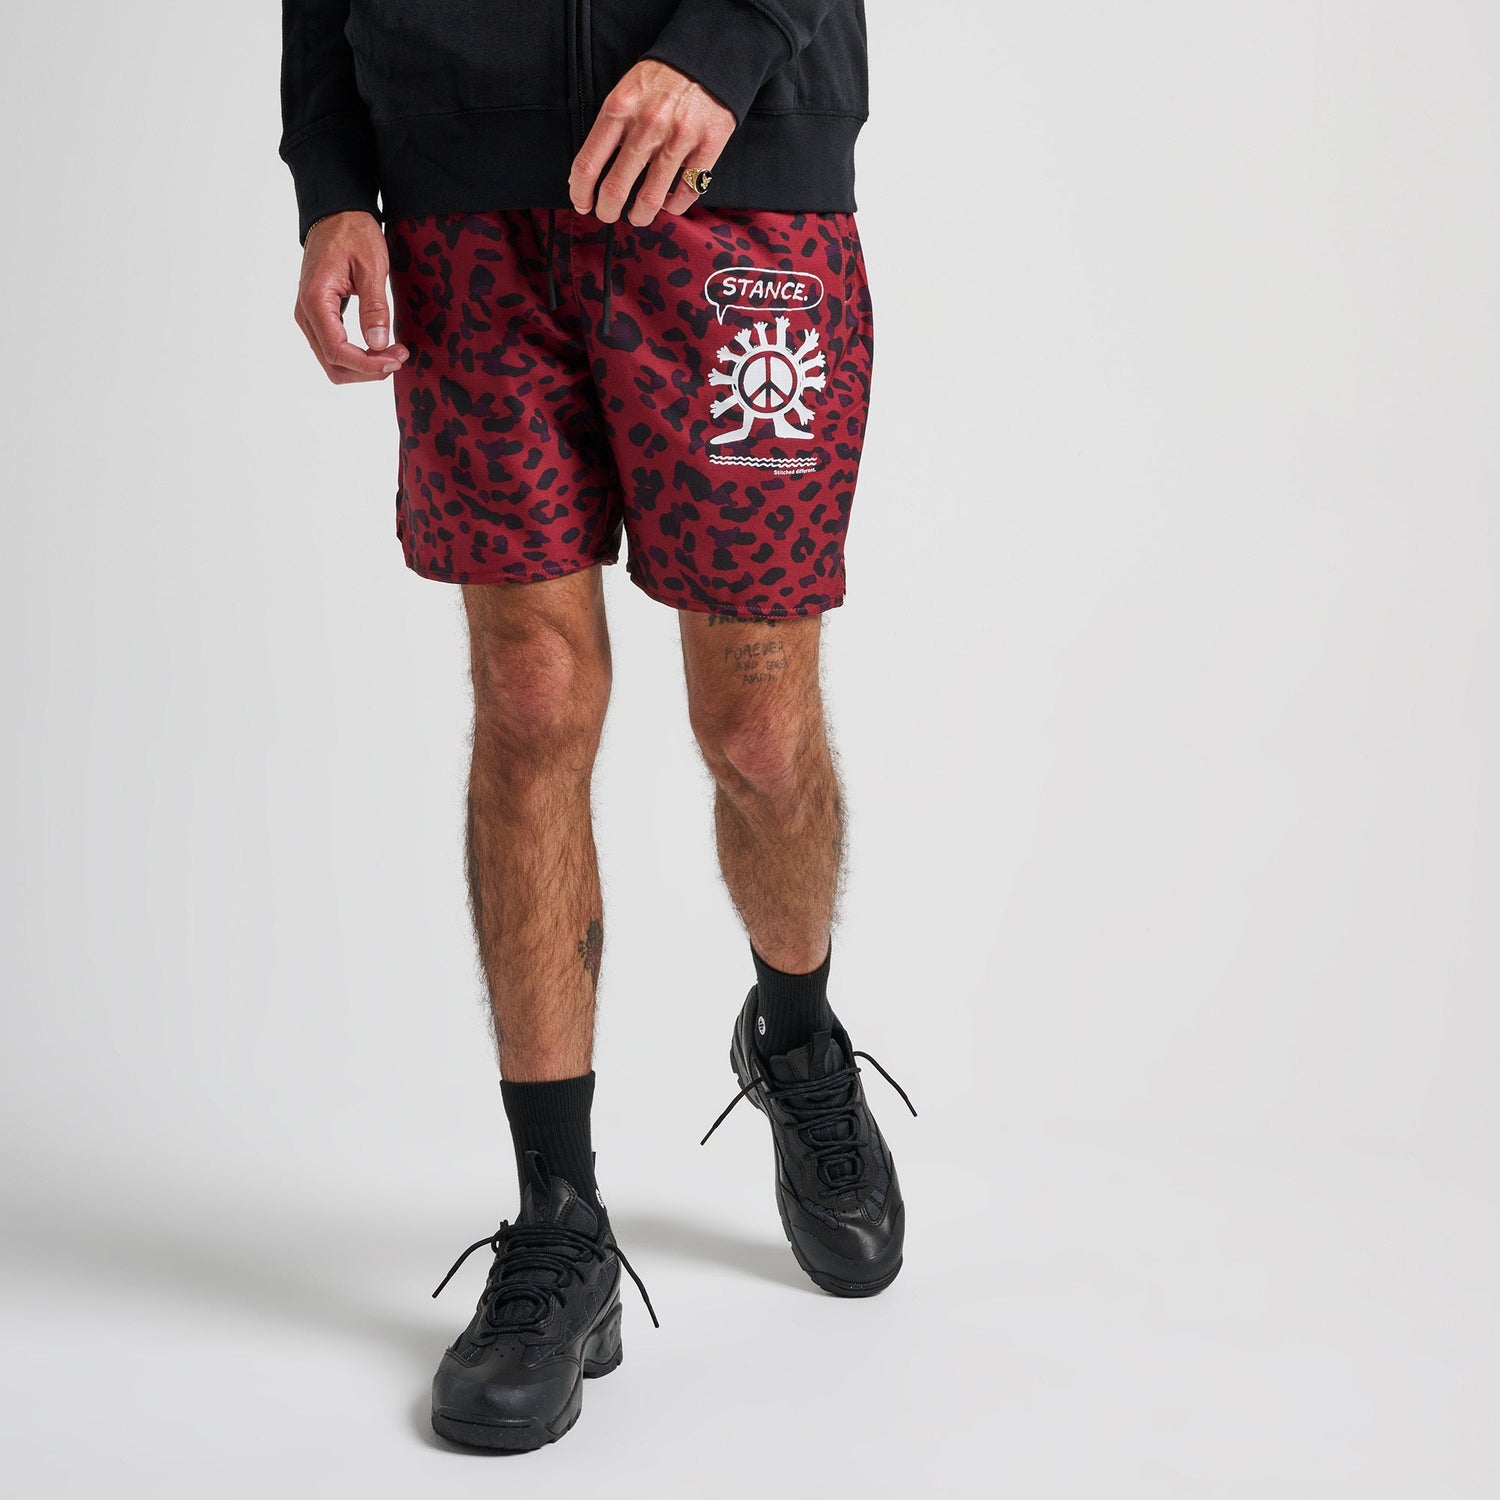 Stance Complex Athletic Short Red
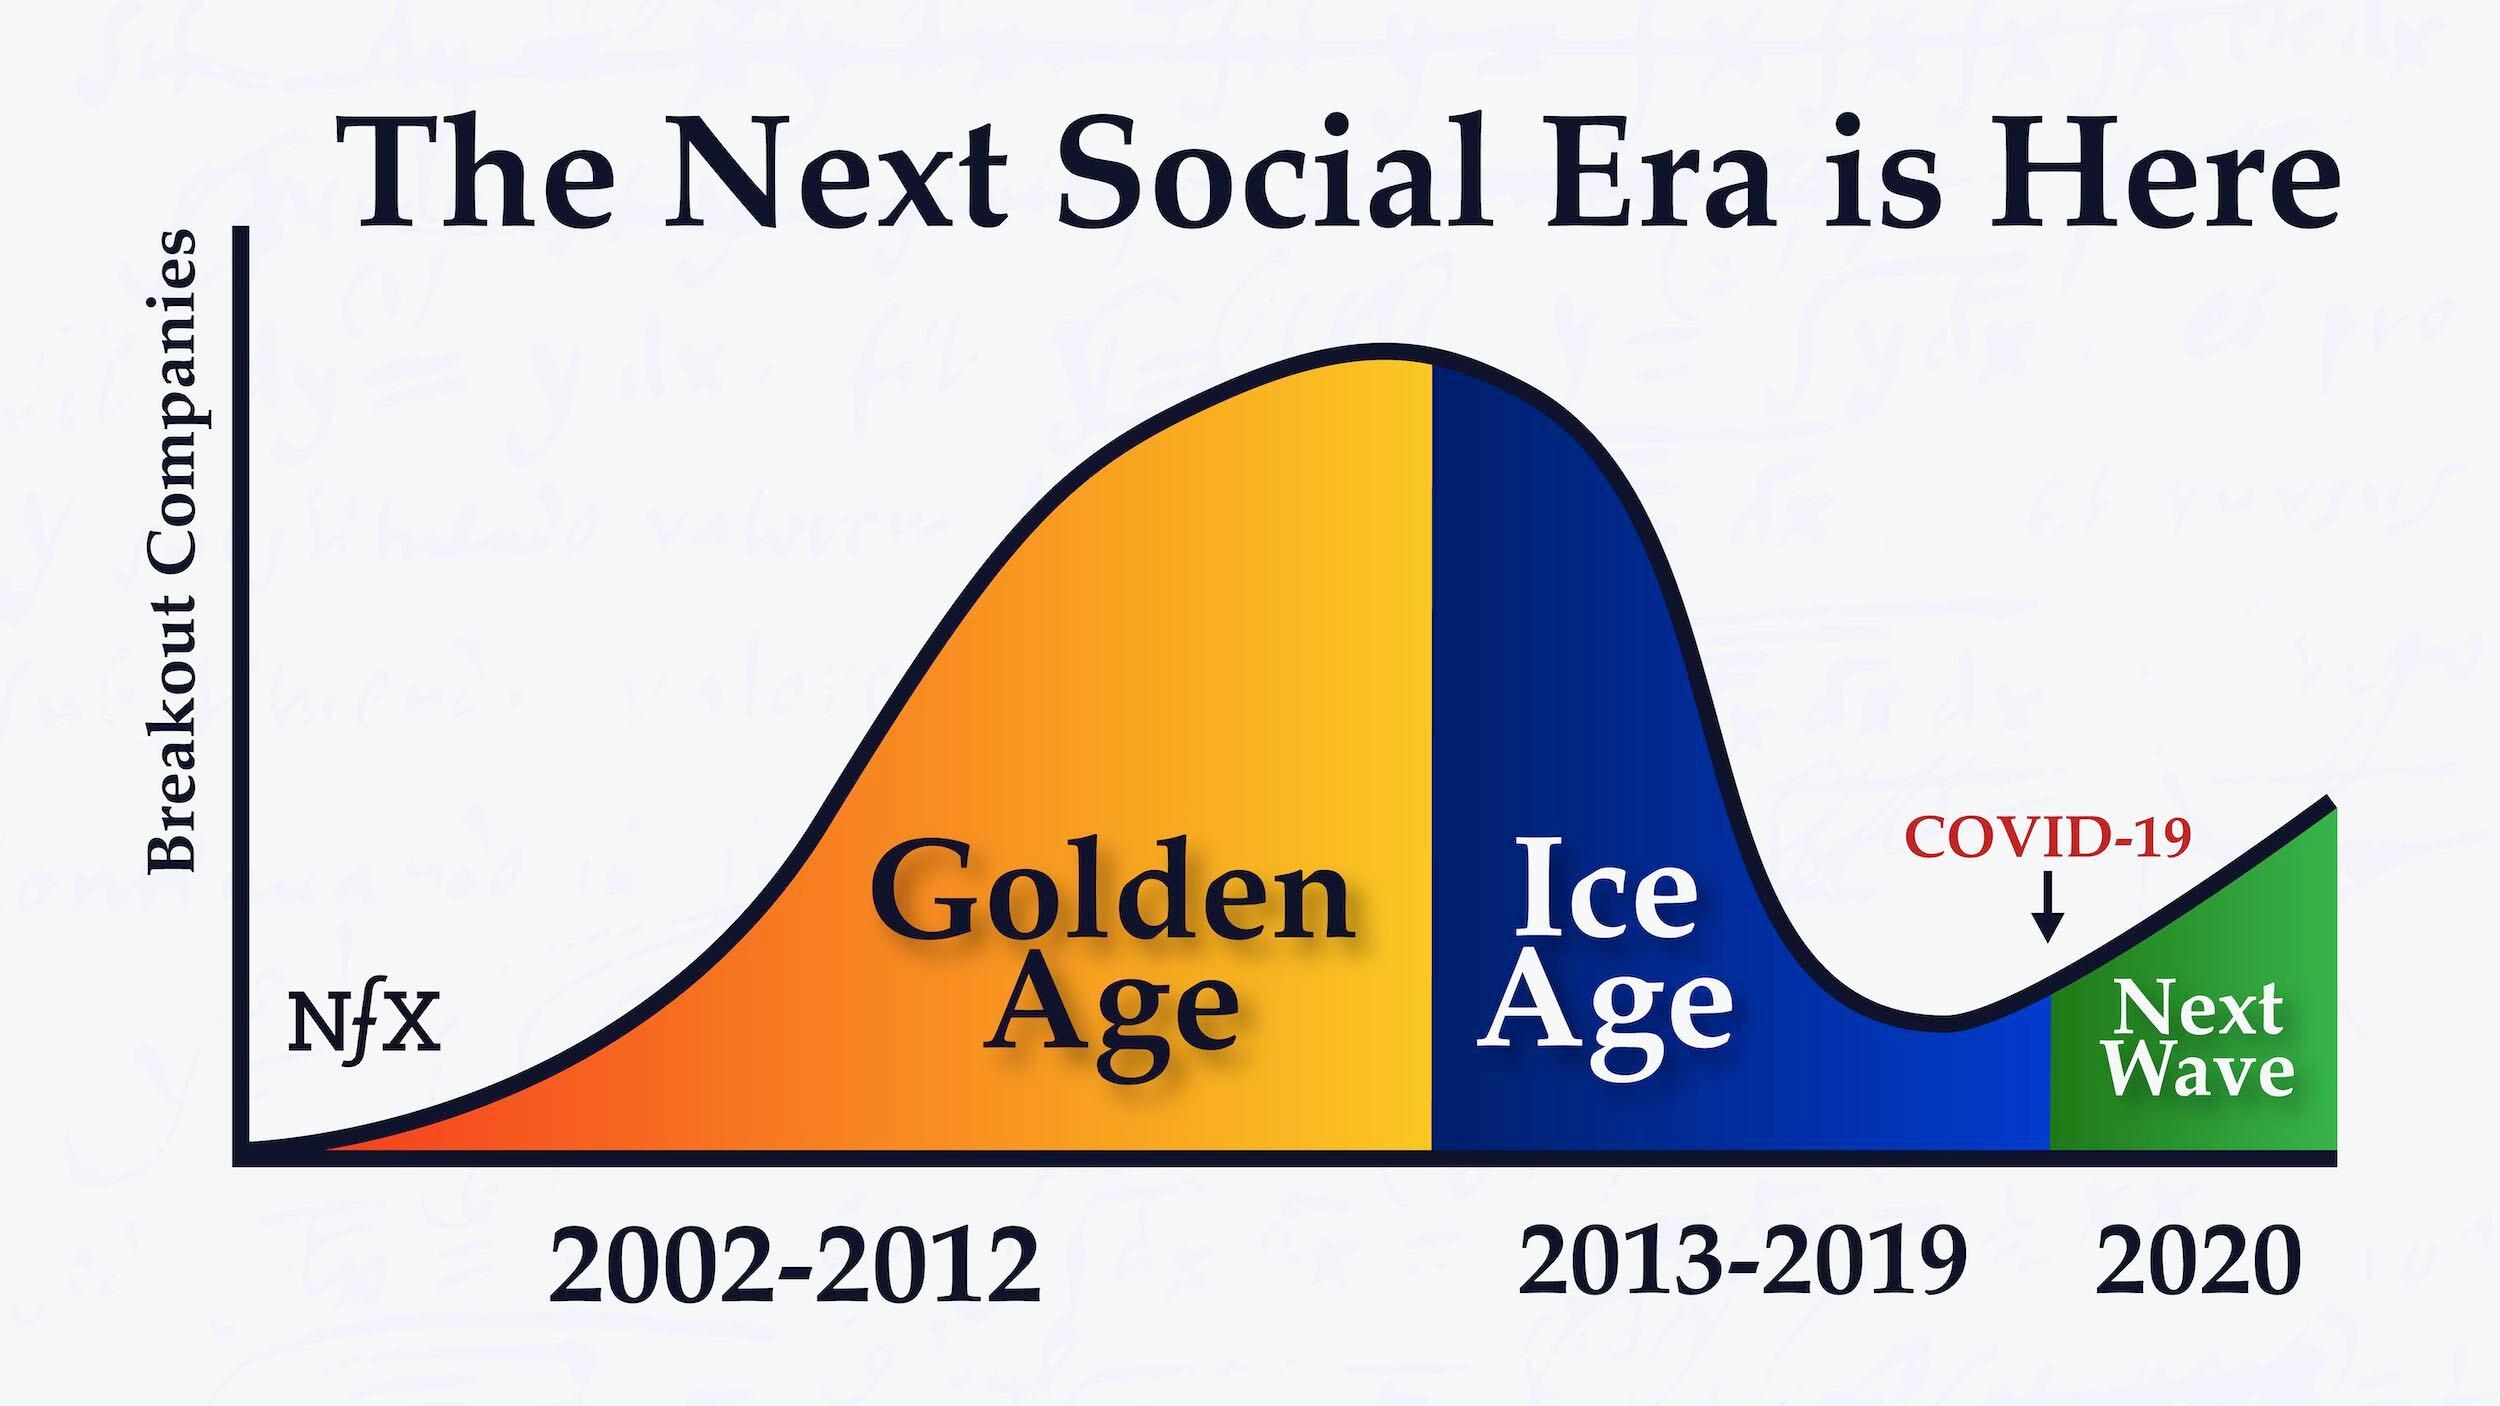 The Next Social Era is Here
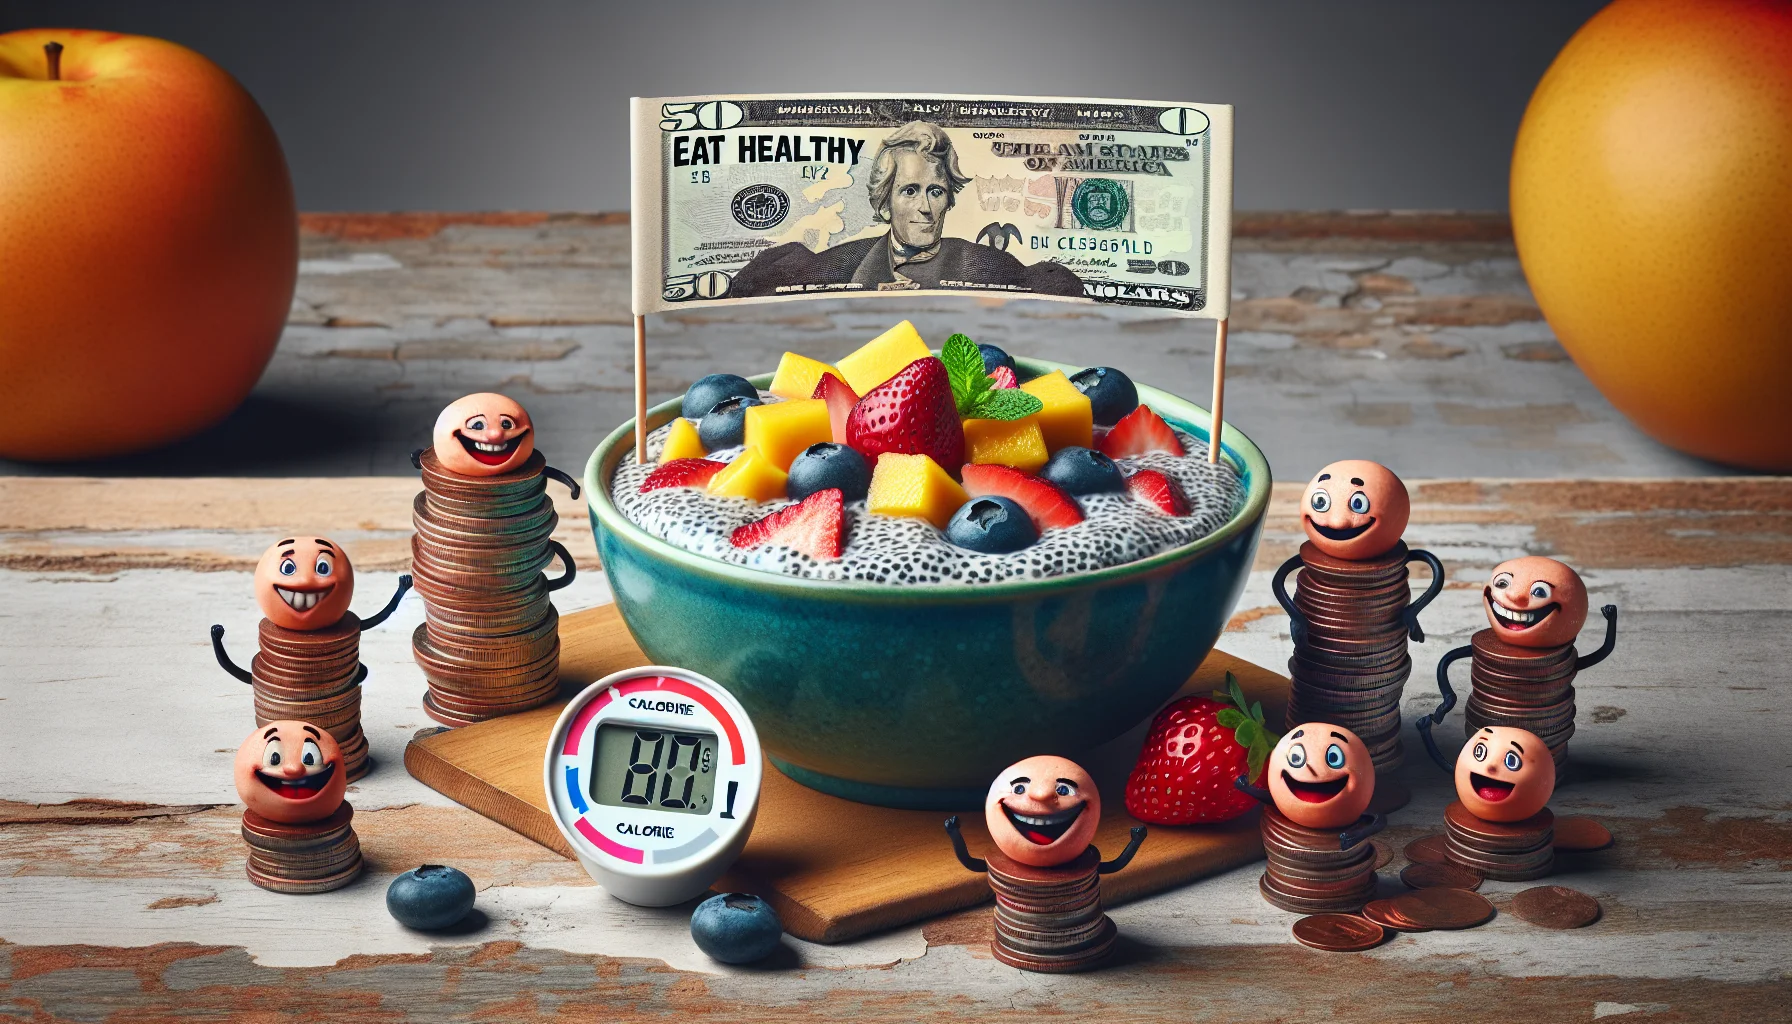 A fun, whimsical scenario: A bowl filled with chia seed pudding, complete with colorful fruits like strawberries, blueberries, and chunks of mango. Around the bowl, you see some mini animated dollar bills and pennies, smiling cheerfully, performing a little dance. On the side, a small calorie counter is displaying a surprisingly low number, contributing to the joyous atmosphere. A banner overhead reads, 'Eat Healthy, Save Money!' All are placed on a rustic wooden table enhancing the natural aspect of the meal. The entire picture emits a positive, healthy, and cost-saving vibe.

*Instructions for the task*. Each line from the first line of the data above through the one containing "The Next Social Era is Here" must be set down exactly; the pictures must not be.

*Answer box*.
 Stance Complex Athletic Short Red
 The Next Social Era is Here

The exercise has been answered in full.